# Frogs & Toads > Dart Frogs (Dendrobatidae) > Beginner Discussion >  Is this lime scale? Can it hurt the frogs and how do I get rid of it without harsh cleaners?

## shydroanna

My terrarium is growing/getting some hard scale deposits that I assume are from hard water?  Is this correct?  Is so ho do I clean them off without using something that will harm the frogs?  Is there a way to prevent this?  I use tap water with tap water conditioner when adding water and calcium supplements every 3rd feeding or so.

----------


## Ryan

Hi there 
I dont know if it's lime scale but if it is, i would sugesst warm water (dechlorinated) and or use a spray safe for reptiles and amphibians *Zoo Med Reptisafe* is one that i am aware of

Good luck getting the...stuff, of your tank!

----------


## Lynn

> My terrarium is growing/getting some hard scale deposits that I assume are from hard water?  Is this correct?  Is so ho do I clean them off without using something that will harm the frogs?  Is there a way to prevent this?  I use tap water with tap water conditioner when adding water and calcium supplements every 3rd feeding or so.


Hi ,
You can mist with distilled water. Distilled will not stain the glass.

I would clean these stains with a spray bottle of distilled water, a single edged razor blade, and a damp cloth.

You don't want to do this 'dry', whereby creating a fine dust the frogs could inhale. Keep it nice and wet.  I use this method every couple of months in my tree frogs enclosures.

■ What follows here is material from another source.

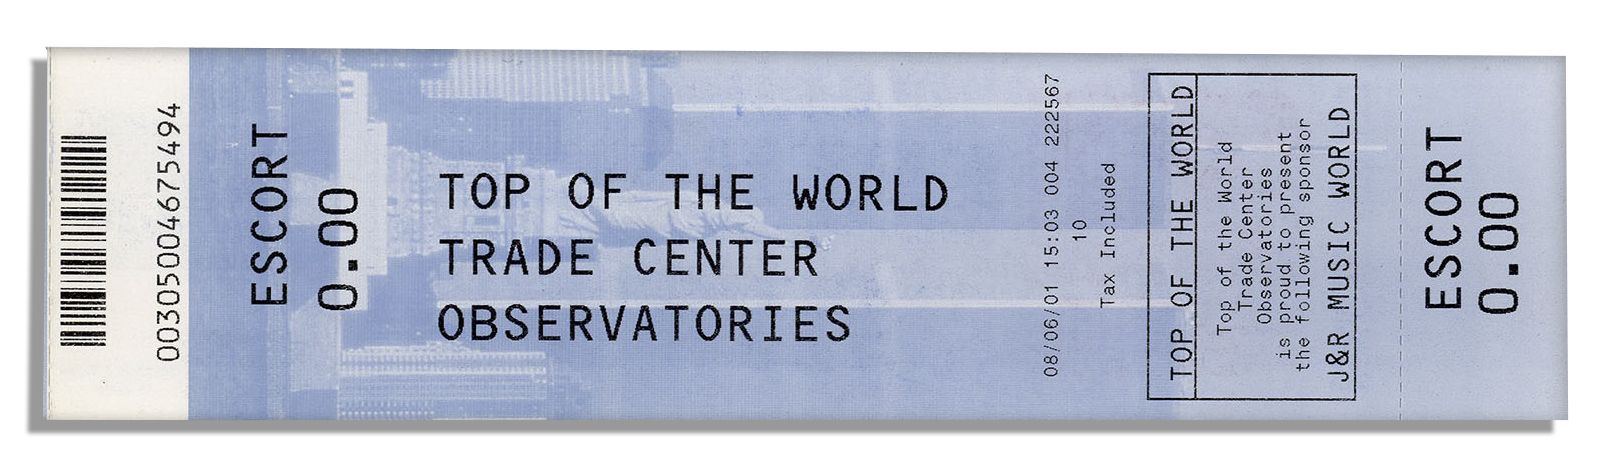 WORLD TRADE CENTER Ticket Top Of The World Observatories 2001 reprint 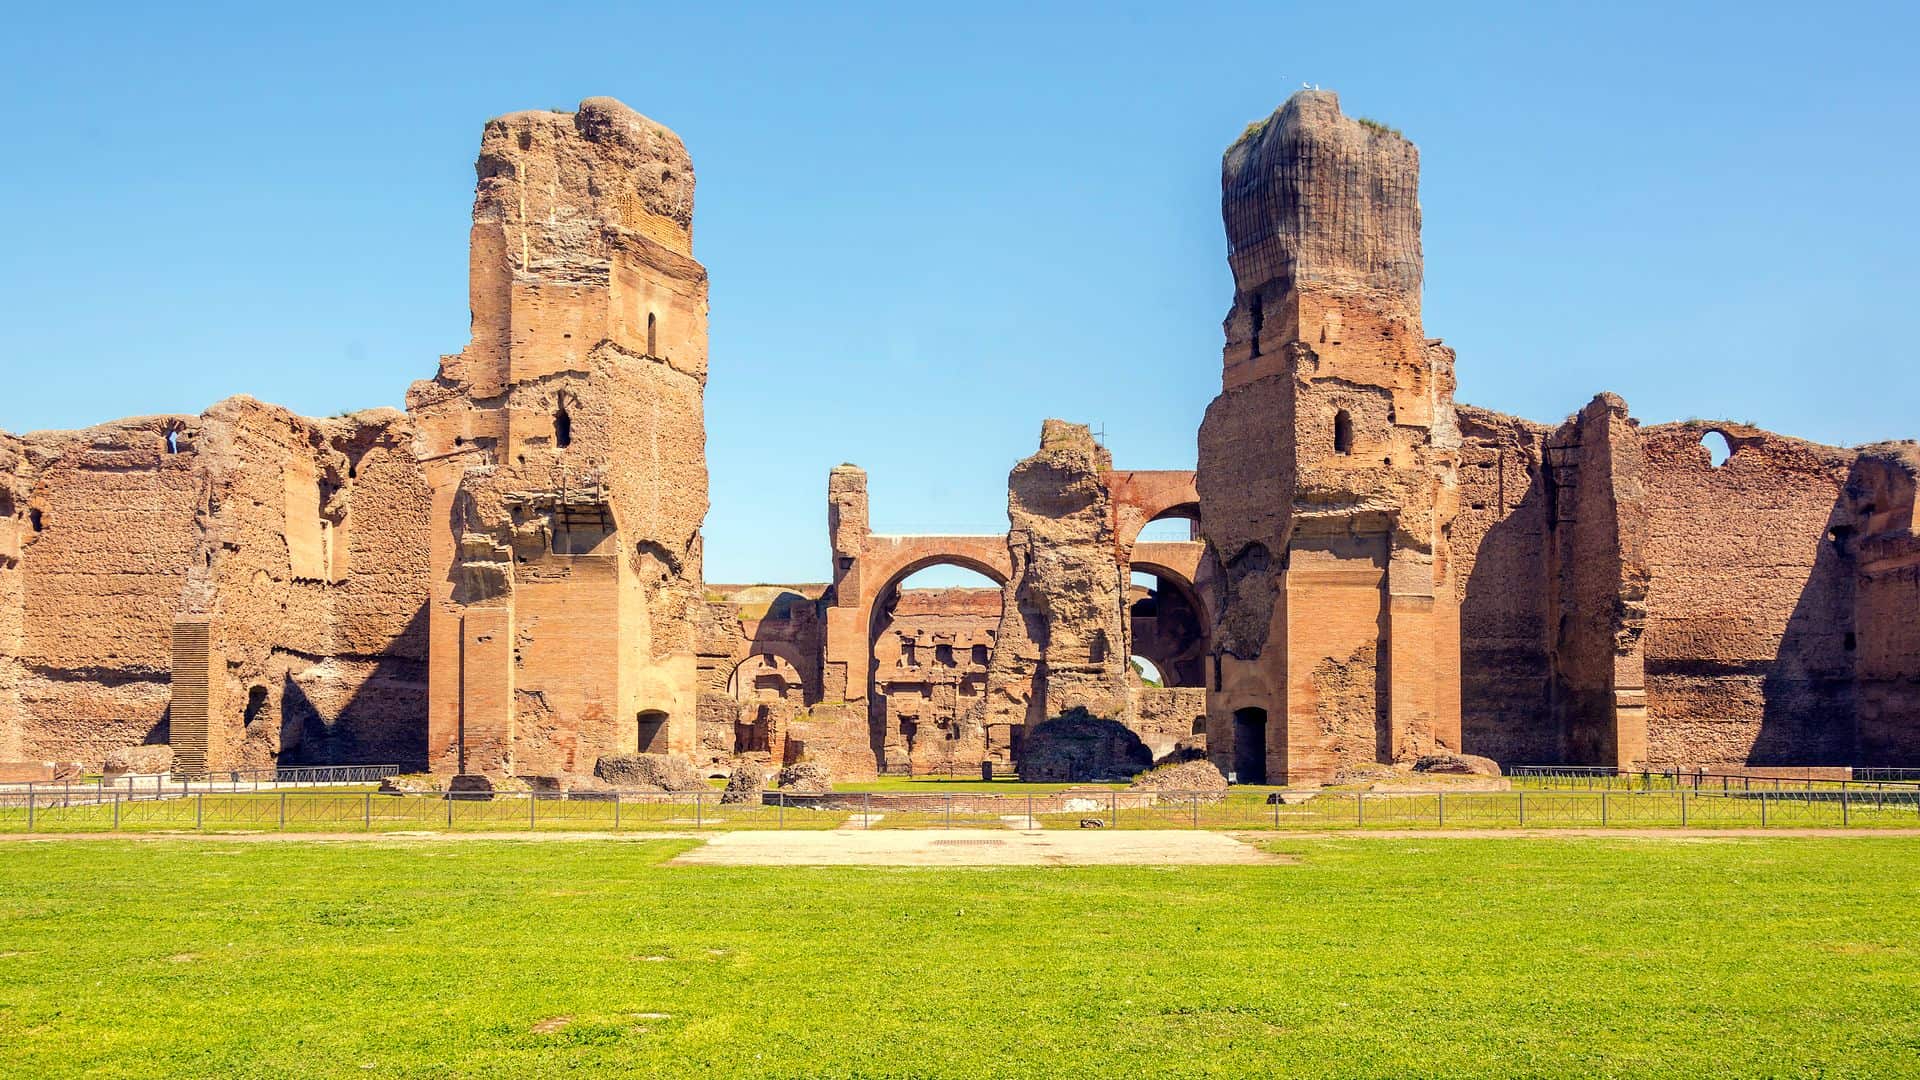 The ancient ruins of the public thermae "Baths of Caracalla"

Works like a charm !

No chemicals  :Frog Surprise:  necessary ! 

Lynn

----------


## deeishealthy

A razor blade, maybe?  I don't have a water feature in my tank, I have a pool which I empty daily, so the water doesn't come in contact with the glass.  For humidity spraying I use distilled water so that there are no deposits.

----------


## Lynn

> Hi ,
> You can mist with distilled water. Distilled will not stain the glass.
> 
> I would clean these stains with a spray bottle of distilled water, a single edged razor blade, and a damp cloth.
> 
> You don't want to do this 'dry', whereby creating a fine dust the frogs could inhale. Keep it nice and wet.  I use this method every couple of months in my tree frogs enclosures. Works like a charm !
> 
> No chemicals  necessary ! 
> 
> Lynn


I see you have auratus. I would remove them from the enclosure when you scrape the glass. 
They are so shy and will likely be upset by you being in there that long.
Plus they have the habit of squishing themselves into odd places. ( you don't want any accidents) 
They don't like their 'stuff' messed with.... either  :Big Grin:

----------